■ DIRECTIONS
Take the data that sits below and write it out again exactly.

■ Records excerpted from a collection
★ ★ ★ ★ ★ ★ ★

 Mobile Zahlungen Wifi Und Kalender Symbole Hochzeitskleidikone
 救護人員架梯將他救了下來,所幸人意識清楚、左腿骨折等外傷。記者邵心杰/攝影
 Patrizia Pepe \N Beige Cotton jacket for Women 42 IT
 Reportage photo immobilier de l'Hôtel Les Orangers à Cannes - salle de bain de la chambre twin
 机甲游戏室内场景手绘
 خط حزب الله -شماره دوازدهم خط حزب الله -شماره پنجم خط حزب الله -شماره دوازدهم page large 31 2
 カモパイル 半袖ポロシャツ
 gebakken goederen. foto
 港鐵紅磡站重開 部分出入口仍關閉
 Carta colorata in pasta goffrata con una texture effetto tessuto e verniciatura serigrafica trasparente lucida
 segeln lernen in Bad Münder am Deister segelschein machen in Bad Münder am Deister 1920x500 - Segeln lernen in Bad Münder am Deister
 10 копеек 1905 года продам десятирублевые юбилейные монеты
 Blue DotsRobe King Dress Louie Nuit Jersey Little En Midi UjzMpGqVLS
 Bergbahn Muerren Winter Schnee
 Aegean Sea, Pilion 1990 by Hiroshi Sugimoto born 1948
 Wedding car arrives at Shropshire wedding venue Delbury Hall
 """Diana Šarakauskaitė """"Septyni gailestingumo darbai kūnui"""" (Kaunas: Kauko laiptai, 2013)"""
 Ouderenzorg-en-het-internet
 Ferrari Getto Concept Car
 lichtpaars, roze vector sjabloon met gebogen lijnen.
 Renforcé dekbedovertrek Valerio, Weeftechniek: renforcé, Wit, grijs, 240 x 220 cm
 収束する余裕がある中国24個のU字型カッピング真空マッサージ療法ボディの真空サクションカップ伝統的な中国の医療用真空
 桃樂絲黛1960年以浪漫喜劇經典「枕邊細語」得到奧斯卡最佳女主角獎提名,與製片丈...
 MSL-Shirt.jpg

★ ★ ★ ★ ★ ★ ★

■ YOUR RESPONSE
 Mobile Zahlungen Wifi Und Kalender Symbole Hochzeitskleidikone
 救護人員架梯將他救了下來,所幸人意識清楚、左腿骨折等外傷。記者邵心杰/攝影
 Patrizia Pepe \N Beige Cotton jacket for Women 42 IT
 Reportage photo immobilier de l'Hôtel Les Orangers à Cannes - salle de bain de la chambre twin
 机甲游戏室内场景手绘
 خط حزب الله -شماره دوازدهم خط حزب الله -شماره پنجم خط حزب الله -شماره دوازدهم page large 31 2
 カモパイル 半袖ポロシャツ
 gebakken goederen. foto
 港鐵紅磡站重開 部分出入口仍關閉
 Carta colorata in pasta goffrata con una texture effetto tessuto e verniciatura serigrafica trasparente lucida
 segeln lernen in Bad Münder am Deister segelschein machen in Bad Münder am Deister 1920x500 - Segeln lernen in Bad Münder am Deister
 10 копеек 1905 года продам десятирублевые юбилейные монеты
 Blue DotsRobe King Dress Louie Nuit Jersey Little En Midi UjzMpGqVLS
 Bergbahn Muerren Winter Schnee
 Aegean Sea, Pilion 1990 by Hiroshi Sugimoto born 1948
 Wedding car arrives at Shropshire wedding venue Delbury Hall
 """Diana Šarakauskaitė """"Septyni gailestingumo darbai kūnui"""" (Kaunas: Kauko laiptai, 2013)"""
 Ouderenzorg-en-het-internet
 Ferrari Getto Concept Car
 lichtpaars, roze vector sjabloon met gebogen lijnen.
 Renforcé dekbedovertrek Valerio, Weeftechniek: renforcé, Wit, grijs, 240 x 220 cm
 収束する余裕がある中国24個のU字型カッピング真空マッサージ療法ボディの真空サクションカップ伝統的な中国の医療用真空
 桃樂絲黛1960年以浪漫喜劇經典「枕邊細語」得到奧斯卡最佳女主角獎提名,與製片丈...
 MSL-Shirt.jpg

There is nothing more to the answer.